How to Prepare Your Figma Files for Perfect Code Handoff
What Developers Actually See When They Open Your Figma File
Designers spend weeks crafting beautiful, functional interfaces in Figma. Then the file gets handed to a developer, and the first thing they do is open the layers panel. What they find there determines whether the next three weeks will be productive or miserable. A file with layers named "Frame 437", "Group 12", and "Rectangle 89" tells the developer nothing. A file with layers named "hero/cta-button/primary", "card/header/title", and "nav/menu-item/active" tells them everything.
This guide is written from the developer's chair. After converting hundreds of Figma files to production code, we know exactly what makes handoff seamless and what creates friction, rework, and misalignment. If you follow these practices, the code your developers write will be structurally closer to your design intent — and both sides will spend less time in clarification meetings.
Naming Conventions That Save Hours
Layer names become CSS class names, component names, and variable identifiers in code. When layers are unnamed, developers invent names — and those invented names rarely match the design team's mental model. Establish a naming convention early and apply it consistently.
Use forward-slash hierarchy for component variants: button/primary/large, button/secondary/small. Name frames by their purpose, not their appearance: "pricing-section" rather than "blue-background-area". Name boolean properties descriptively: "hasIcon" and "isDisabled" rather than "Property 1" and "Property 2". Every layer a developer needs to inspect should have a human-readable name that communicates its role in the interface.
Auto-Layout: The Most Important Habit
Auto-layout is the single most impactful thing you can do for developer handoff. When a frame uses auto-layout, it directly communicates its CSS equivalent — flexbox direction, gap, padding, alignment, and distribution. When a frame uses absolute positioning with manually placed elements, the developer has to reverse-engineer the layout logic from visual position alone.
Build every frame with auto-layout from the root down. Set explicit padding and gap values rather than relying on visual spacing. Use "hug contents" and "fill container" intentionally — these map directly to CSS width behaviours. When you nest auto-layout frames, you are building a layout tree that a developer can translate to CSS almost mechanically. When you skip auto-layout and place elements by hand, you are forcing the developer to guess at the structural relationships between elements.
Component Structure That Translates to Code
Your Figma component library is, in effect, a specification for a React component library. The better your components are structured, the closer the code will be to your intent. Each component should have clearly defined variants using Figma's component properties — not separate, unlinked components for each state. Boolean properties should control visibility of optional elements like icons, badges, or helper text. Instance swap properties should define which child components can be substituted. Size variants should use consistent naming that maps to a predictable scale.
Think about your components the way a developer will consume them: a Card component with props for size, variant, hasImage, and hasFooter is clean and predictable. Five separate Card components named "Card with image", "Card without image", "Card small", "Card large", and "Card featured" is ambiguous and leads to five separate React components instead of one.
Token Documentation That Prevents Drift
Design tokens — colours, typography, spacing, shadows, border radii — are the connective tissue between your design and the codebase. If these are not explicitly defined and documented, developers will approximate values by eyeballing them from the inspect panel. The result is a codebase full of hardcoded values that look right today but drift as soon as anything changes.

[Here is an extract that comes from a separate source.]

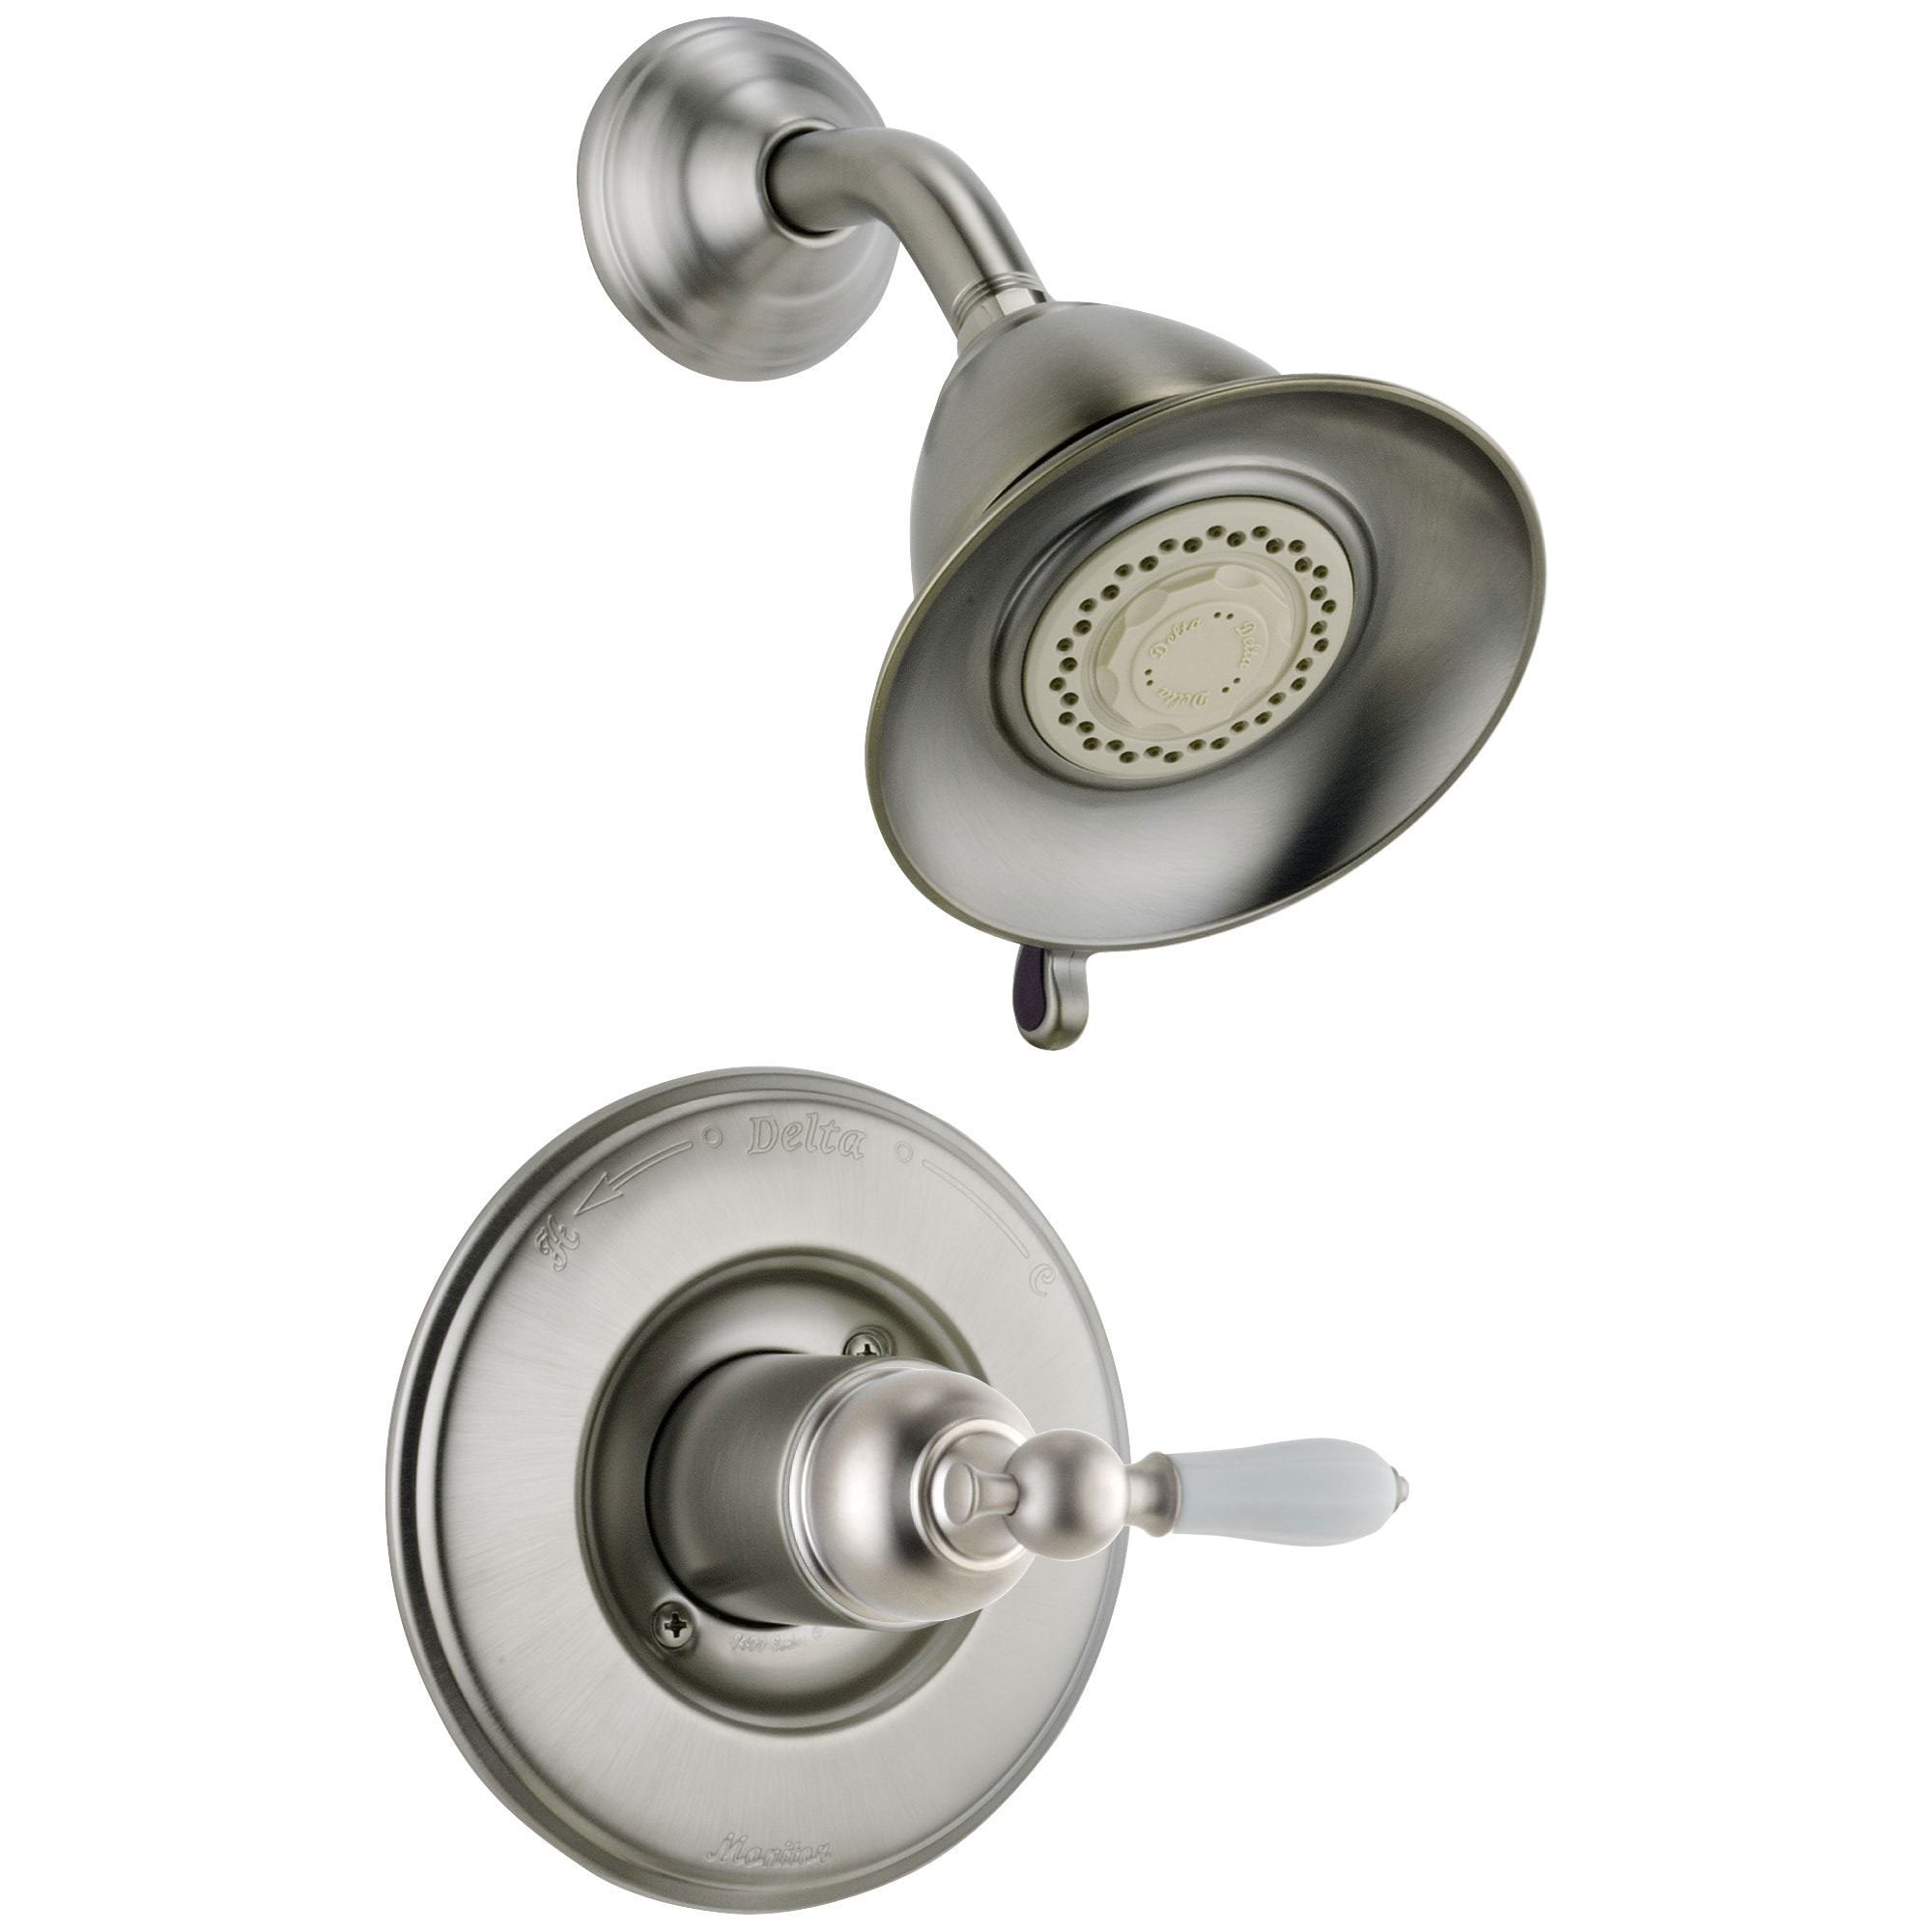 Delta Traditional Victorian Stainless Steel Finish 14 Series Shower Only Faucet INCLUDES Rough-in Valve with Stops and White Lever Handle D1193V

Use Figma Variables (or Styles if you have not migrated to Variables yet) for every repeating value. Define a spacing scale and apply it consistently — if your scale is 4, 8, 12, 16, 24, 32, 48, never use 15 or 22 unless it is a deliberate exception. Document your colour tokens with semantic names: "text-primary", "surface-elevated", "border-subtle" rather than "gray-700" or "blue-500". The semantic name tells the developer what the colour means, not just what it looks like — and that meaning is what prevents incorrect substitutions in code.
What to Annotate
Figma's visual output does not communicate everything a developer needs. Certain design decisions are invisible in the static frame and need explicit annotation. Interaction behaviour: what happens on hover, focus, and click? Where do transitions occur and what easing should they use? Responsive rules: what changes at each breakpoint? Does this element reorder, hide, or transform? Content limits: what is the maximum character count for this heading before it wraps? What happens when a list has zero items versus fifty? Edge cases: what does the empty state look like? The error state? The loading state? These are the details that developers will either implement correctly because you told them, or implement wrong because they had to guess.
The Handoff Checklist
Before you send your file to development, verify these items. All layers are named descriptively. All layouts use auto-layout with explicit padding and gap. All repeating values use Variables or Styles. All component variants are defined using component properties. All interaction states (hover, active, disabled, loading, error) are documented. Responsive behaviour at each breakpoint is specified. Edge cases and content limits are annotated. If you can check every item on this list, your developers will thank you — and the code they deliver will be meaningfully closer to what you designed.